On New Year’s Eve 1912, he was arrested and sent to the home for abandoned colored children. there, under the tutelage of peter davis, he learned to play the bugle correctly and eventually became the leader of the marching band at the home for abandoned children. Released from the home of the waif in 1914, Armstrong set his sights on becoming a professional musician. Under the tutelage of the town’s leading cornet player, Joe “King” Oliver, Armstrong soon became one of the city’s most in-demand cornet players, eventually working steadily on Mississippi riverboats.

in 1922, king oliver sent for armstrong to join his gang in chicago. Armstrong and Oliver became the talk of the town with their intricate two-cornet breaks and began making records together in 1923. At this time, Armstrong began dating the band’s pianist, Lillian Hardin. In 1924, Armstrong married Hardin, who urged Armstrong to leave Oliver and try to make it on her own. A year in New York with Fletcher Henderson and his orchestra proved unsatisfactory, so Armstrong returned to Chicago in 1925 and began making records under his own name for the first time.

hotter than that

Louis Armstrong’s records and his five, and later the Hot Seven, are the most influential in jazz. Armstrong’s improvised solos transformed jazz from ensemble-based music into a soloist’s art, while his expressive voice incorporated innovative bursts of scat singing and an underlying swing feel. By the end of the decade, the popularity of the Hot Five and the Hot Seven was enough to send Armstrong back to New York, where he appeared in the popular Broadway revue, “Hot Chocolates.” he soon began touring and never really stopped until his death in 1971.

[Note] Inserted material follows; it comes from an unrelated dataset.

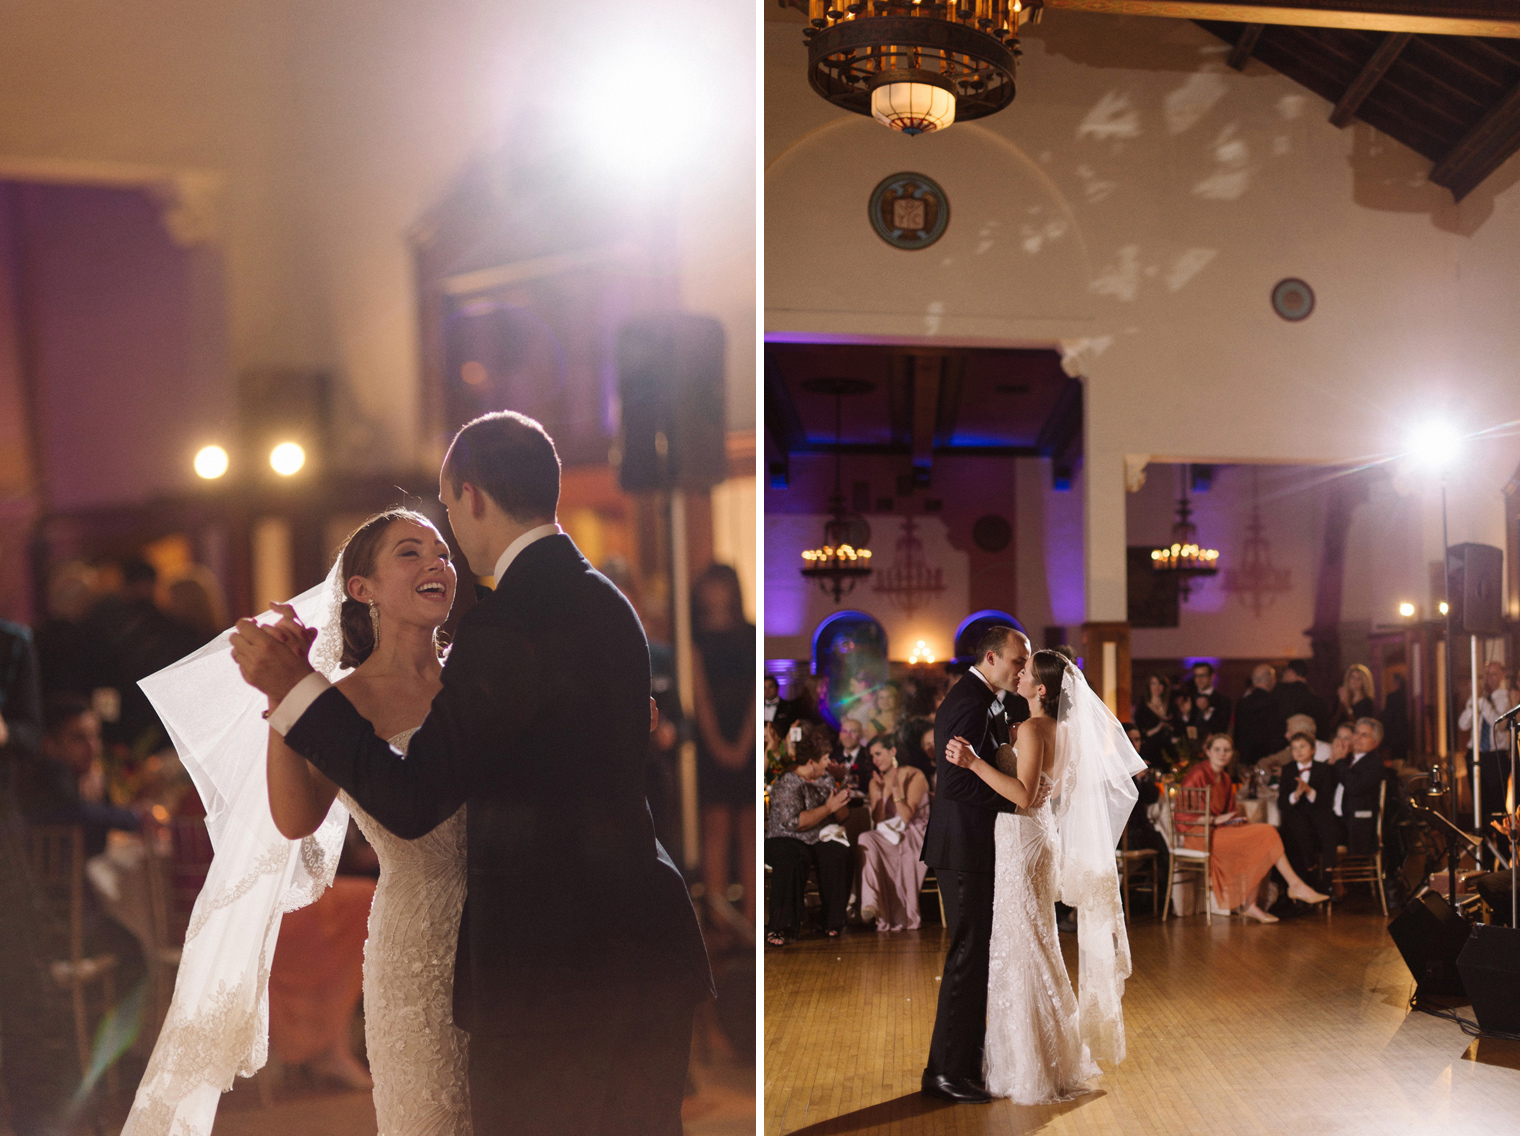 The bride and groom share their first dance at the Detroit Yacht Club wedding by Michigan photographer Heather Jowett.

The 1930s also saw Armstrong achieve great popularity on the radio, in movies, and with his recordings. He first performed in Europe in 1932 and returned in 1933, staying for over a year due to a lip injury. Back in America in 1935, Armstrong hired Joe Glaser as his manager and began leading a big band, recording pop songs for Decca and regularly appearing in movies. he began touring the country in the 1940s.

ambassador bag

in 1947, the waning popularity of the big bands forced armstrong to begin leading a small group, louis armstrong and his stars. The personnel changed over the years, but it remained Armstrong’s main performance vehicle for the rest of his career. He had a string of pop hits beginning in 1949 and began touring regularly abroad, where his popularity was so great that he was nicknamed the “satch ambassador.”

in america, armstrong had been a great pioneer of civil rights, breaking down numerous barriers as a young man. In the 1950s, he was sometimes criticized for his stage persona and called “Uncle Tom,” but he silenced critics by speaking out against the government’s handling of the integration crisis of the “Little Rock Nine” high school. ” in 1957.

Armstrong continued to tour the world and record records with songs like “blueberry hill” (1949), “mack the knife” (1955) and “hello, dolly! (1964)”, the latter knocking the Beatles off the top of the pop charts at the height of Beatlemania.

good evening everyone

The many years of constant touring eventually wore on Armstrong, who suffered his first heart attack in 1959 and returned to intensive care at Beth Israel Hospital for heart and kidney problems in 1968. Doctors advised him not to play, but Armstrong continued to practice daily at his home in Corona, Queens, where he had lived with his fourth wife, Lucille, since 1943. He returned to acting in 1970, but it was too much, too soon, and he passed away in his sleep on July 6, 1971. a few months after their final engagement at the waldorf-astoria in new york city.